Status:Built in one day, fully functional on a local machine. Not yet in production — this is the demo build. The architecture is designed to run continuously, and the publish + analytics steps are wired and ready; I just haven't flipped the switch on daily posting yet.
Why I built this
Short-form video is the fastest way to build a personal brand right now, and it's also the most expensive thing on a creator's calendar. The recording itself takes ten minutes. Editing a single Reel takes two to four hours: cutting filler words, finding B-roll, designing motion graphics, syncing captions, and exporting. Most creators give up on day six.
I want to post daily without it eating my life. Tools like Opus Clip and Vidyo.ai do one slice of this. CapCut still needs a human at the timeline. Nobody I found had stitched the full loop together: research → script → record → edit → publish → analytics. So I built it in a day to see if it was possible.

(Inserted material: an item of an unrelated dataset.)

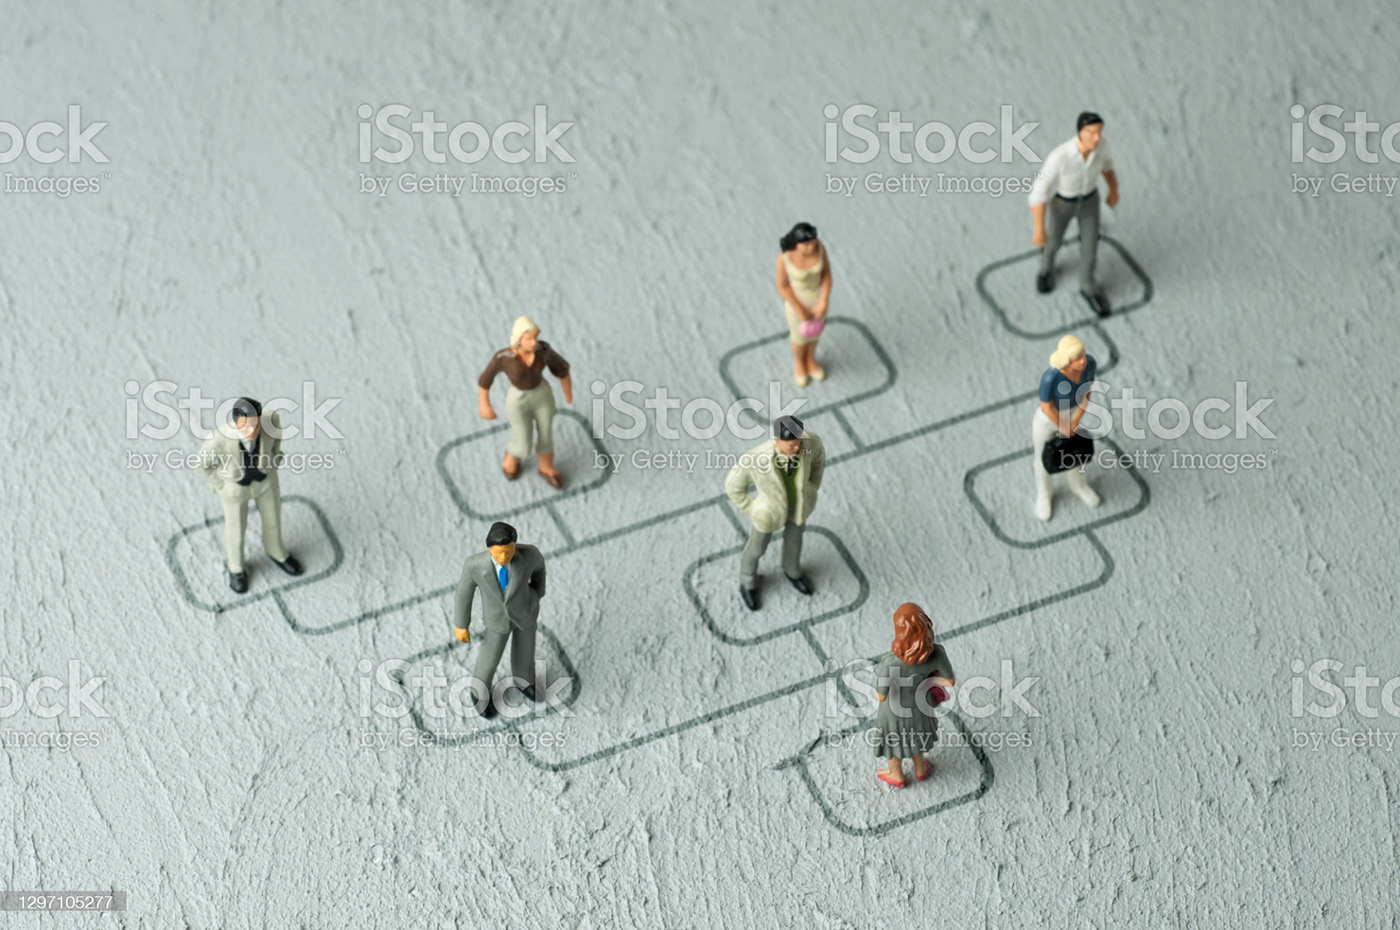 business business person Corporate Hierarchy economy figurine Global risk strategy TEAMWORK

The goal was specific: a system where the only thing I do is speak into my phone for a minute and tap “approve” twice on Telegram.
What's actually in it
The pipeline lives in main.py and runs forever, one cycle per posting slot. Each cycle does this:
| Step | What happens | Model? |
|---|---|---|
| 1. Topic discovery | HackerNews Algolia API + tldr.tech. Top 50 stories, Sonnet 4.6 picks the best one. | Yes |
| 2. Deep research | Playwright scrolls the source article, dedupes images by SHA-256. Outputs research.md + 5-15 images. | No |
| 3. Script writing | Llama-4-Scout on Groq: 60-second script with hook, three beats, callback. Writes asset_plan.md. | Yes |
| 4. Telegram approval #1 | Script lands in chat. Tap approve or reply with edits. | — |
| 5. Record | You record a 60-second video and upload it to the bot. | — |
| 6. Silence cut (v1 → v2) | FFmpeg silencedetect strips dead air > 400ms. | No |
| 7. Word-level transcription | Groq Whisper large-v3 returns every word with start/end timestamps. | No |
| 8. Retake removal (v2 → v3) | difflib.SequenceMatcher aligns transcript vs. script. Only the best take per sentence survives. | No |
| 9. Timeline planning | Sonnet 4.6 reads cleaned transcript + asset plan. Emits JSON: B-roll timestamps, motion graphics scenes, SFX. | Yes |
| 10. Render (v3 → v5) | Remotion 4.0.443 in Node renders 1080×1920 MP4 with hardcoded captions. 1227 frames @ 30fps, 4× concurrency. | No |
| 11. Telegram approval #2 | Bot sends the rendered video. Auto-compresses if > 45MB. | — |
| 12. Publish | Facebook Graph API posts to Instagram. Slug, post ID, timestamp logged. | No |
| 13. Analytics (36h later) | Scrapes views, likes, comments. Saved next to metadata for topic picker feedback. | No |
Architecture, in one paragraph
v1 is the raw recording. v2 is silence-removed. v3 is script-aligned — retakes and stutters gone. v4 exists only as a JSON timeline in memory. v5 is the final rendered file with everything baked in.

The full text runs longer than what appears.